Lower case token symbol prefix nomenclature:
This nomenclature is used to specify which service provider has issued a cross-chain token. For example, wanETH refers to the native ETH asset which has been issued as a wrapped token by Wanchain. It DOES NOT specify which chain the token resides on. In order to do that, you would need to combine the nomenclatures. For example, wanETH@Wanchain refers to tokens on Wanchain, while wanETH@EOS would refer to the same underlying tokens, only now on the EOS blockchain.
Regarding the naming rules of cross-chain assets, Wanchain will have a more in depth discussion in future articles.
Wanchain 5.0’s Cross-chain system includes a variety of different actors who fill different roles in the system. Below is a diagram summarizing the different roles:
Wanchain will be releasing more articles exploring the various roles and functions at a later stage
Wanchain’s cross-chain approach is to set up one or more decentralized WAN Bridges in order to connect blockchain pairs. Each Wan Bridge has a Storeman Group consisting of 21 Storeman Nodes (nodes that manage the cross-chain value transfer process).
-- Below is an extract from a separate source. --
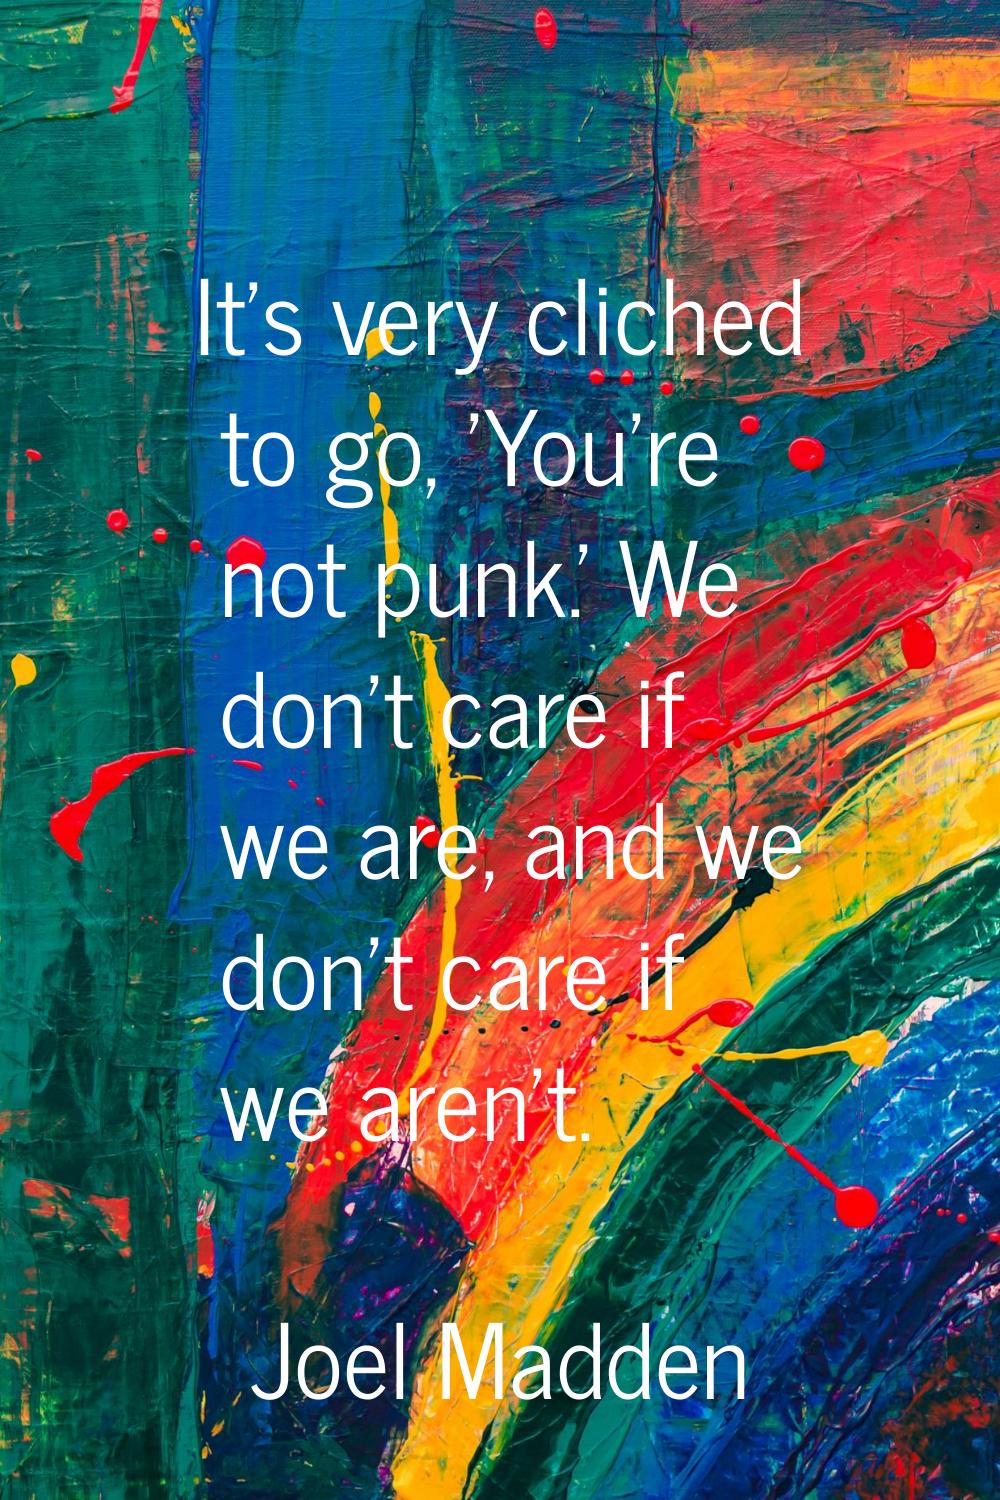 It's very cliched to go, 'You're not punk.' We don't care if we are, and we don't care if we aren't

In order to ensure the safe and stable operation of the entire cross-chain system, Storeman Node operators must pledge a certain amount of collateral to be put up as stake. Meanwhile, node operators can also attract deposits from partners and delegators to increase their total stake and obtain more rewards during node operation.
Future articles will cover staking, delegation, and the rewards from each in greater depth.
WAN Bridges uses a threshold signature scheme combined with multiparty computation (TSS + MPC) in order to guarantee the security of the locked assets and the smooth functioning of the cross-chain value transfer system.
Cryptoeconomic incentives are also used to guard against malicious behavior. Node operators are required to over-collateralize the value of the cross-chain assets they issue. In cases of malicious behavior, that collateral may be slashed. In this way, the cost of malicious behavior is greater than the rewards set to be gained by it, so Wanchain can ensure that node operators are always incentivized to behave honestly.
Wanchain will release a future article explaining incentives and slashing in greater detail.
WAN Bridges are Wanchain’s decentralized, universal solution for trustless and permissionless cross-chain value transfer.
BTC, EOS, WAN, and more will be brought to Ethereum, and Ethereum assets will brought to Wanchain.
The first decentralized cross-chain bridge will be from EOS to Ethereum.
Wanchain’s long term goal is the establishment of a distributed cross-chain bank which will provide global users with a one-stop shop that offers a variety of decentralized financial products to fulfill all their needs.
Wanchain’s long term goals will be discussed in greater depth in a future article.
Wanchain looks forward to these next few months as they have been preparing for this moment since they first combined blockchain technology with the concept of the Wide Area Network (WAN) to form WANchain.